__Exercise brief__:
The response should consist of every line below, restated exactly, with no pictures.

__Given information__:
=== Section Start ===

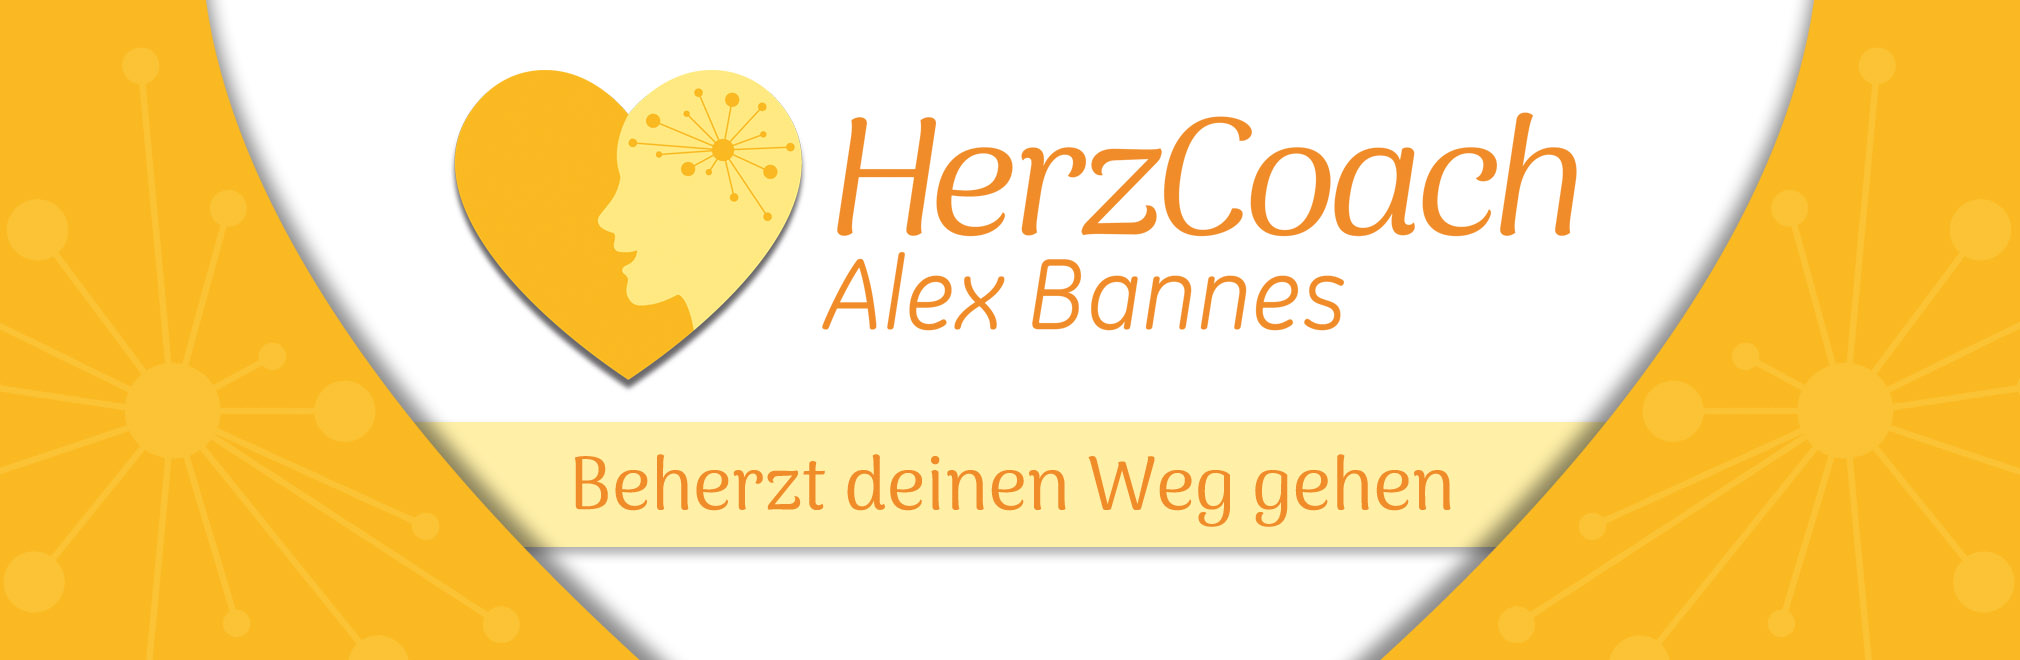 HerzCoach Alex Bannes - Beherzt deinen Weg gehen
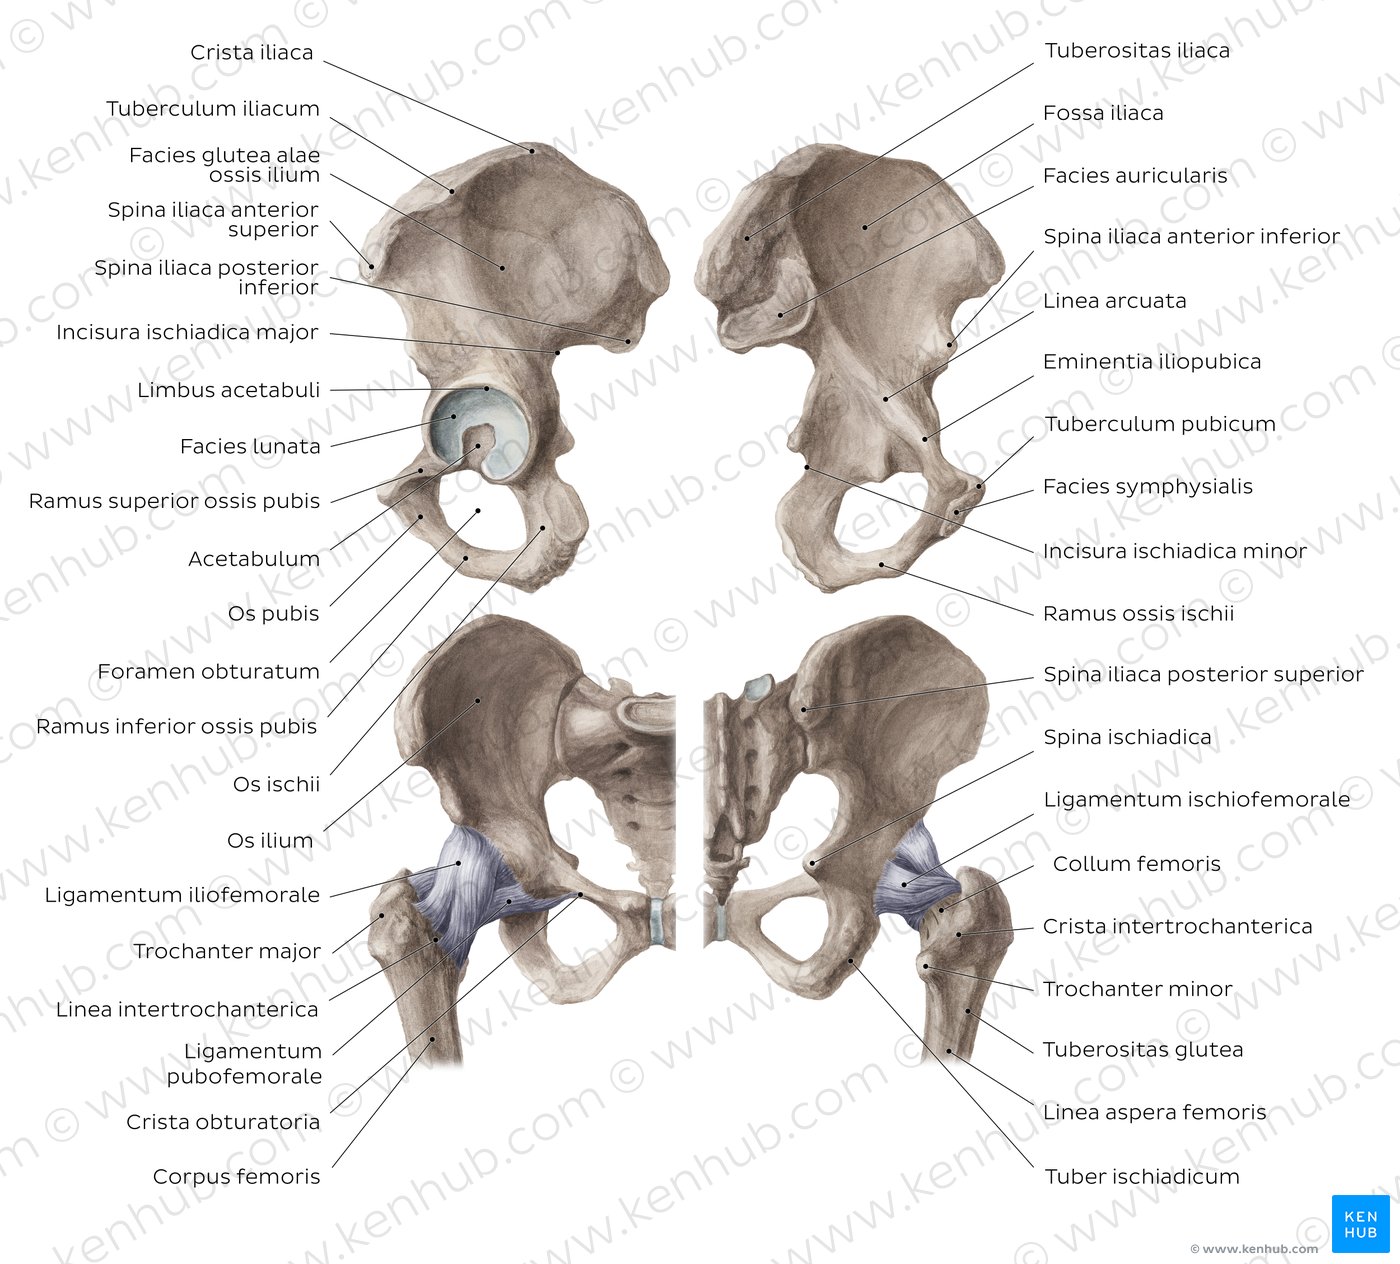 Anatomie Hüfte und Oberschenkel - Knochen und Muskeln | Kenhub
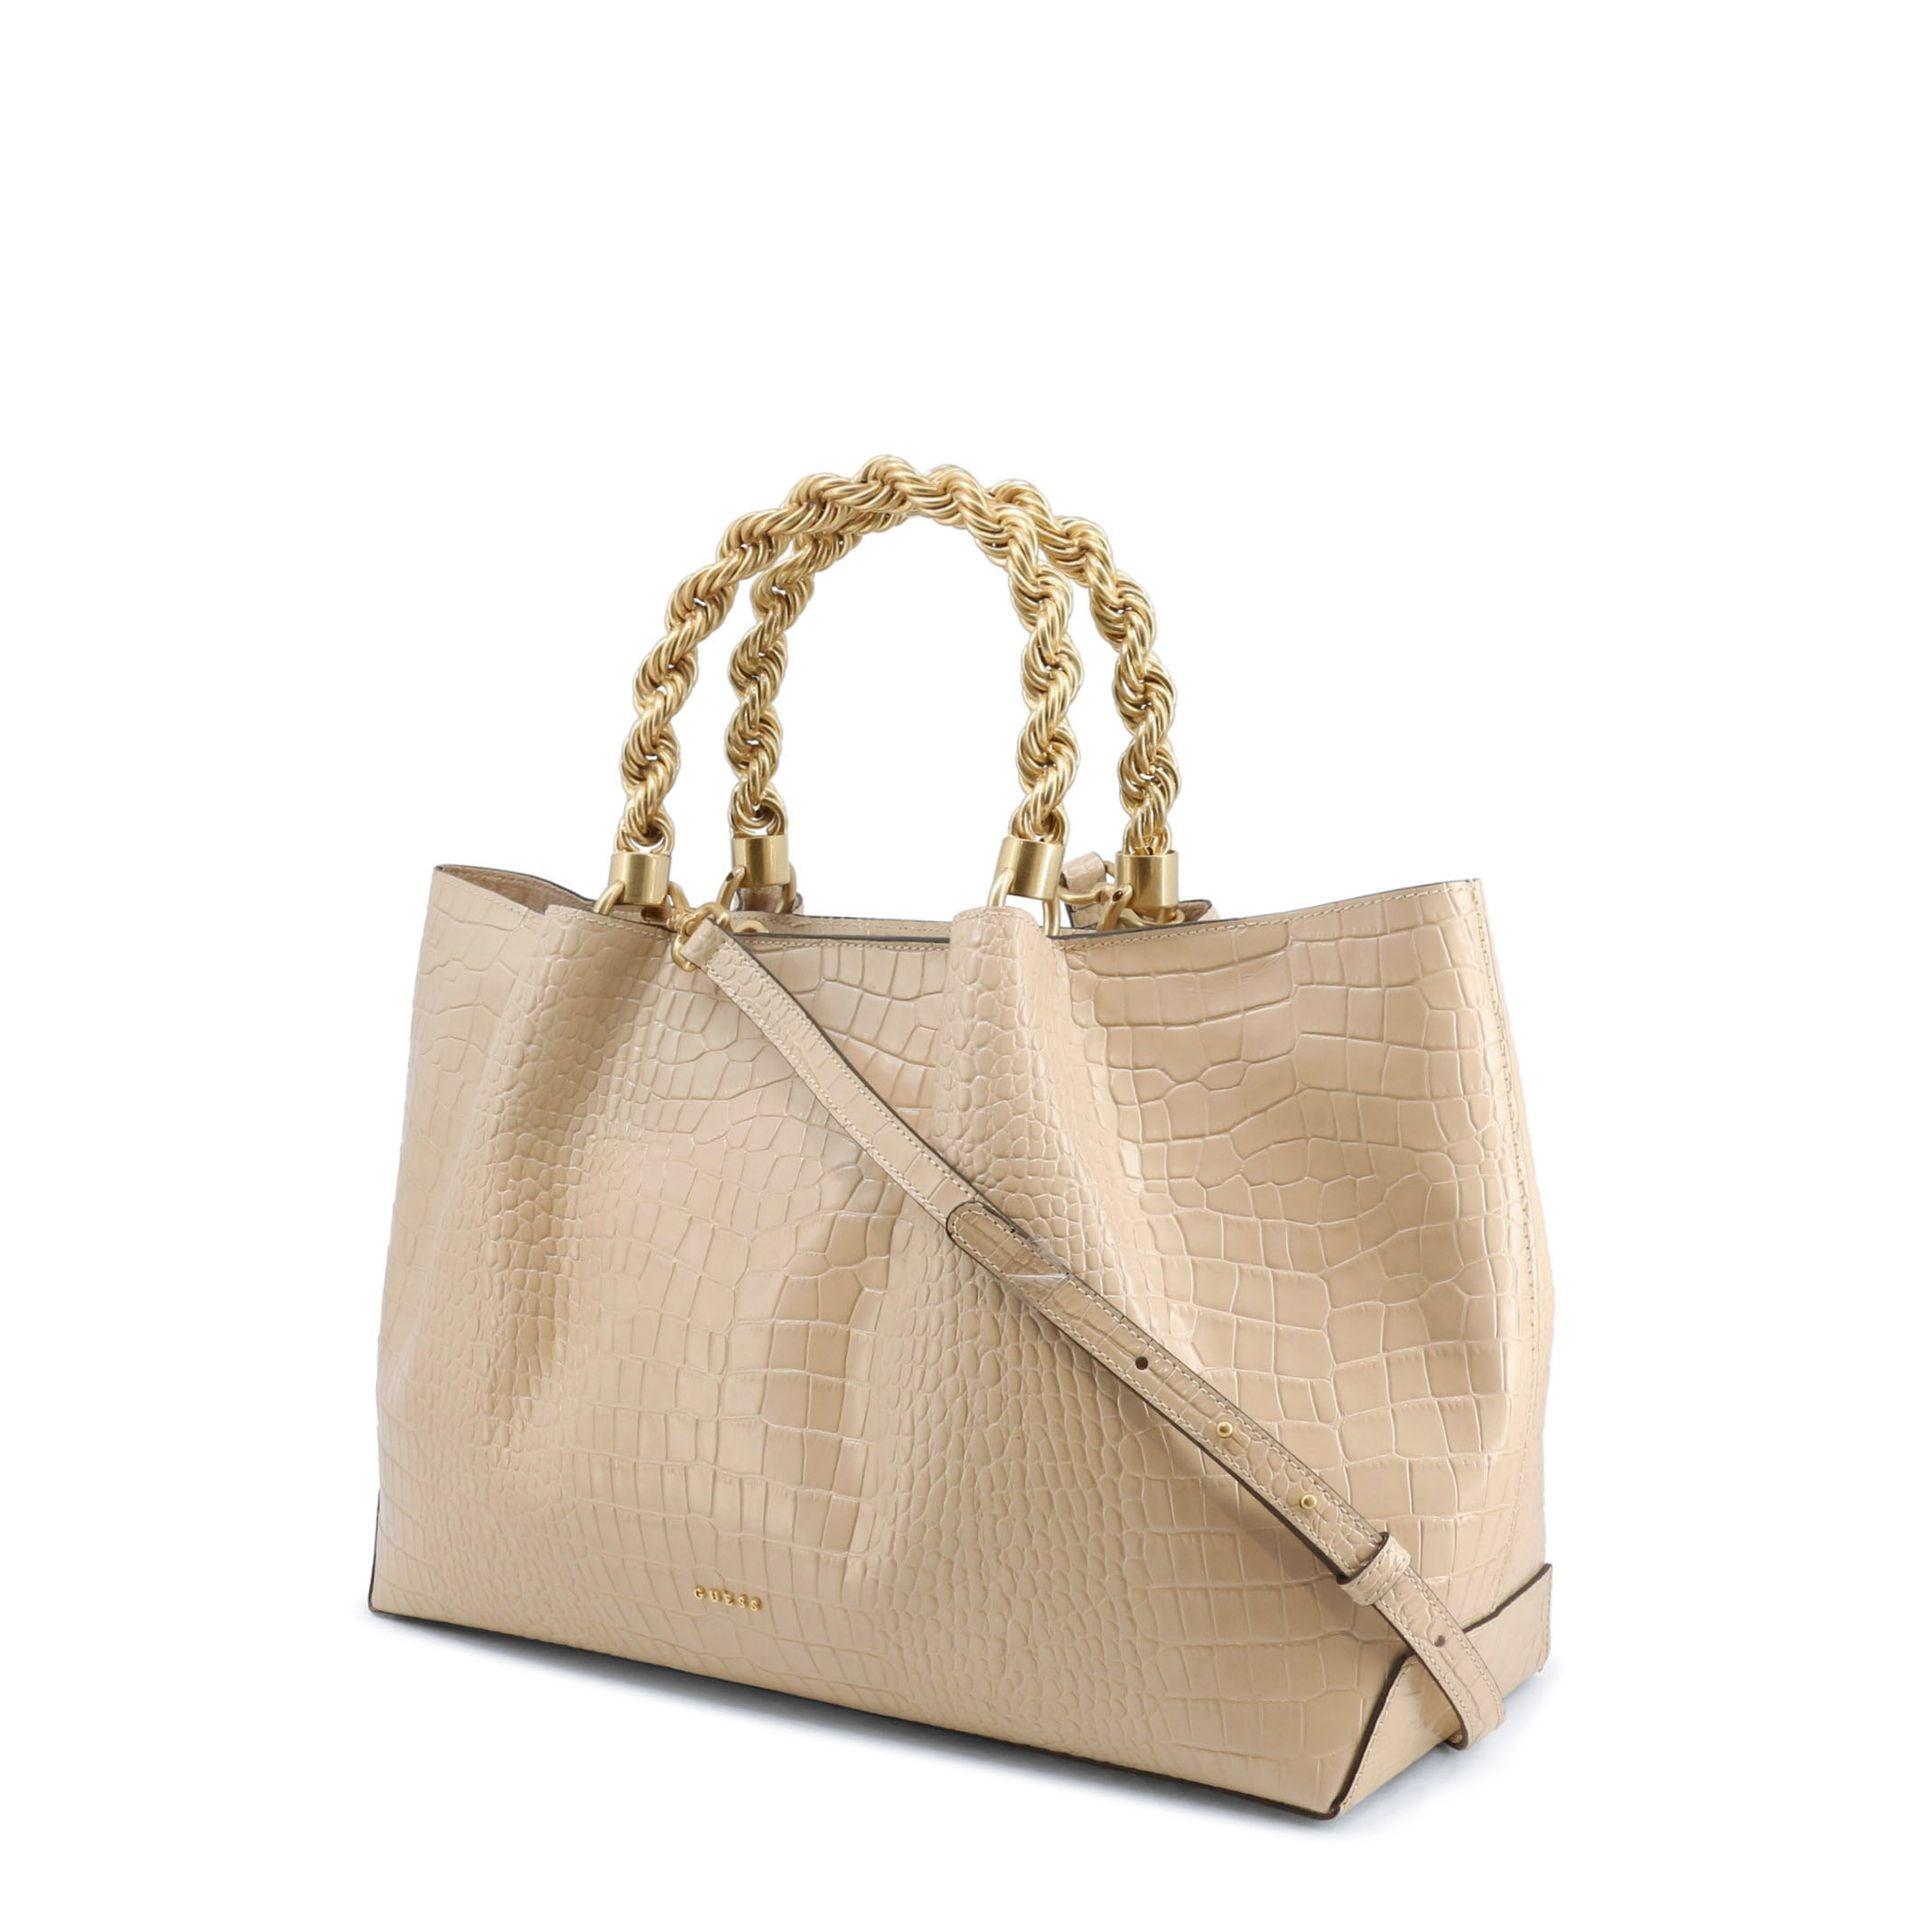 Guess Shopping bags - Women Handbags - Handbag - Guocali
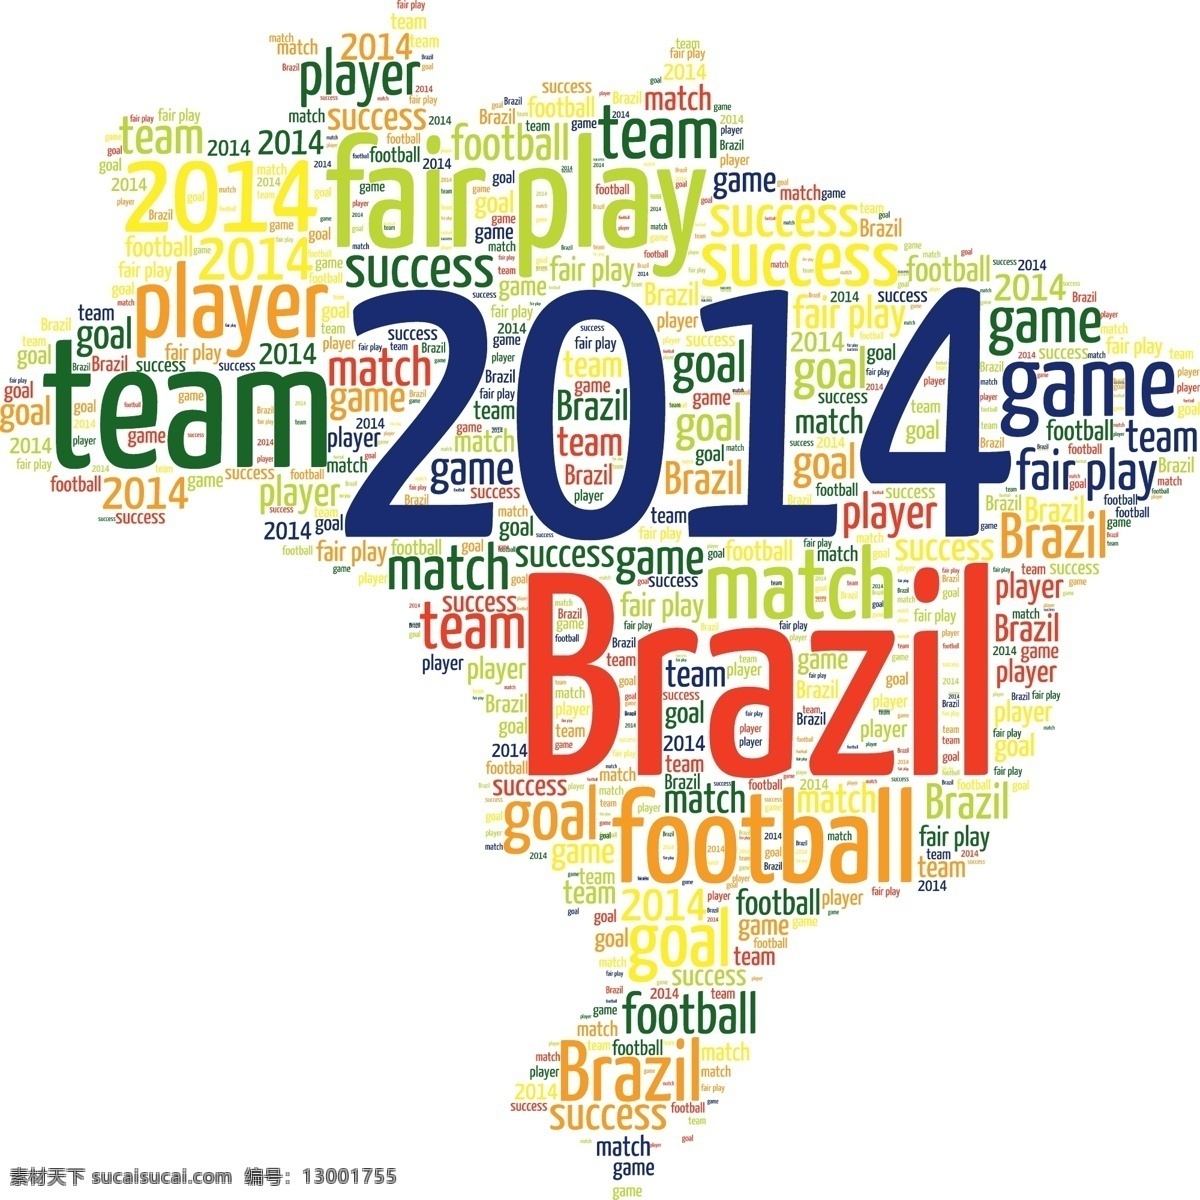 巴西 足球 世界杯 2014 模板下载 素材图片 足球比赛 球赛 地图 体育运动 生活百科 矢量素材 白色

=== Section End ===

__Answer space__:
 HerzCoach Alex Bannes - Beherzt deinen Weg gehen
 Anatomie Hüfte und Oberschenkel - Knochen und Muskeln | Kenhub
 Guess Shopping bags - Women Handbags - Handbag - Guocali
 巴西 足球 世界杯 2014 模板下载 素材图片 足球比赛 球赛 地图 体育运动 生活百科 矢量素材 白色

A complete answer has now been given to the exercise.